BEE mandates that all large businesses must meet certain requirements for minority ownership and employment — a particularly onerous challenge for foreign developers and equipment suppliers.

The local-content threshold for the first renewables tender was about 25%, with PV given a slightly higher target since it is relatively easy to make inverters and racking systems locally.

While the government has made clear that the thresholds will be raised in the future, it has been vague about the specifics.

Most renewables companies say the existing targets are realistic, but they caution that lifting them too quickly would be counterproductive — and may, perversely, drive investment away.

“I’m all for increasing local content when possible,” says Duncan Ayling, head of development for RES Southern Africa. “But if it gets to the point where companies can’t find the parts and services they need, or find they are forced into using less-proven technology and thereby compromising on health and safety, then you’re just tying the industry’s hands behind its back at a make-or-break moment.”

Denmark’s LM Wind Power is understood to be planning a blade factory in South Africa.

Five foreign turbine makers — Nordex, Vestas, Siemens, Suzlon and Sinovel — have their names attached to winning first-round wind projects.

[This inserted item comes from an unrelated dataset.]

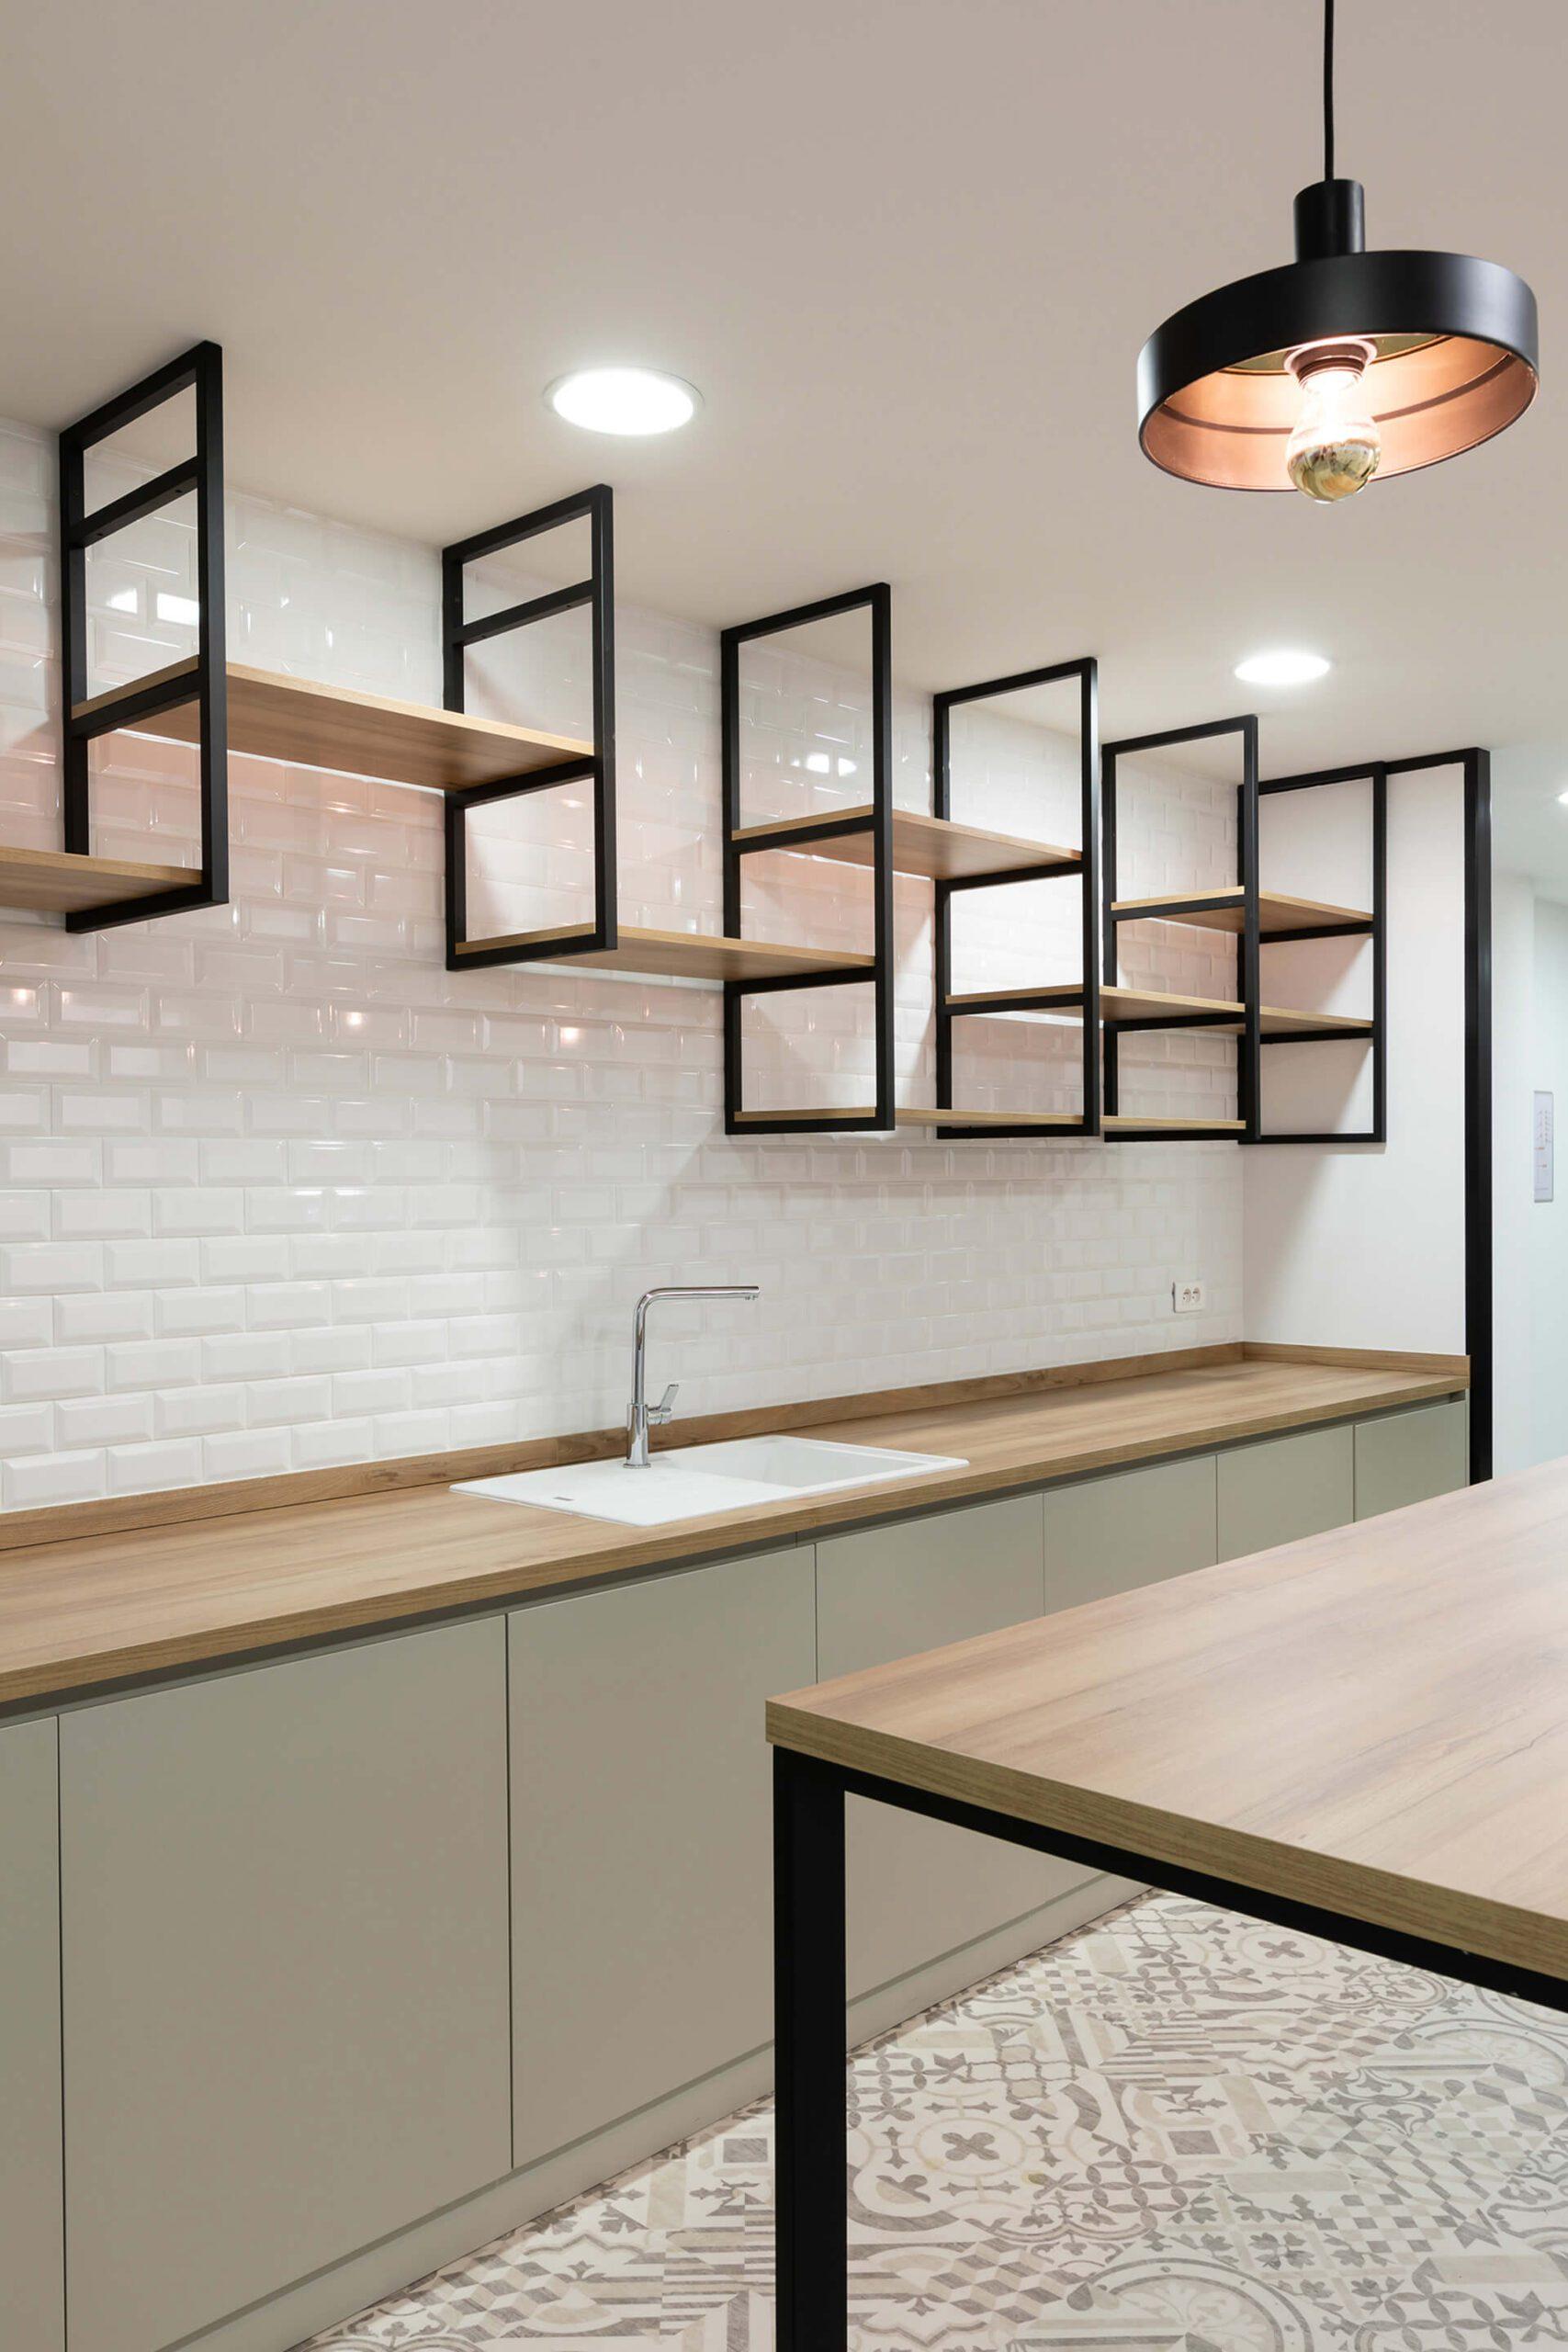 cozinha em madeira escura com prateleiras personalizadas

But with an estimated annual wind market of about 400MW until 2030, sources say South Africa probably does not have the scale to lure a turbine factory of its own, regardless of what turbine makers may be telling the ­government.

As for PV, the global market is already grossly oversupplied, and it is unlikely that a new South African factory would be able to compete on price alone.

“Some of the best module factories in the world are shutting down in the US and China because of Chinese competition,” notes Christopher Clarke, a director at South African investment fund Inspired Evolution. “As much as the government’s intentions are good, the reality is these things are commodities now, and if you’re not in at the right price you’re going to be dead in the water before you even get off the starting block.”

There is too much emphasis on local-content rules when, in reality, jobs will come if the local market takes off, Clarke adds.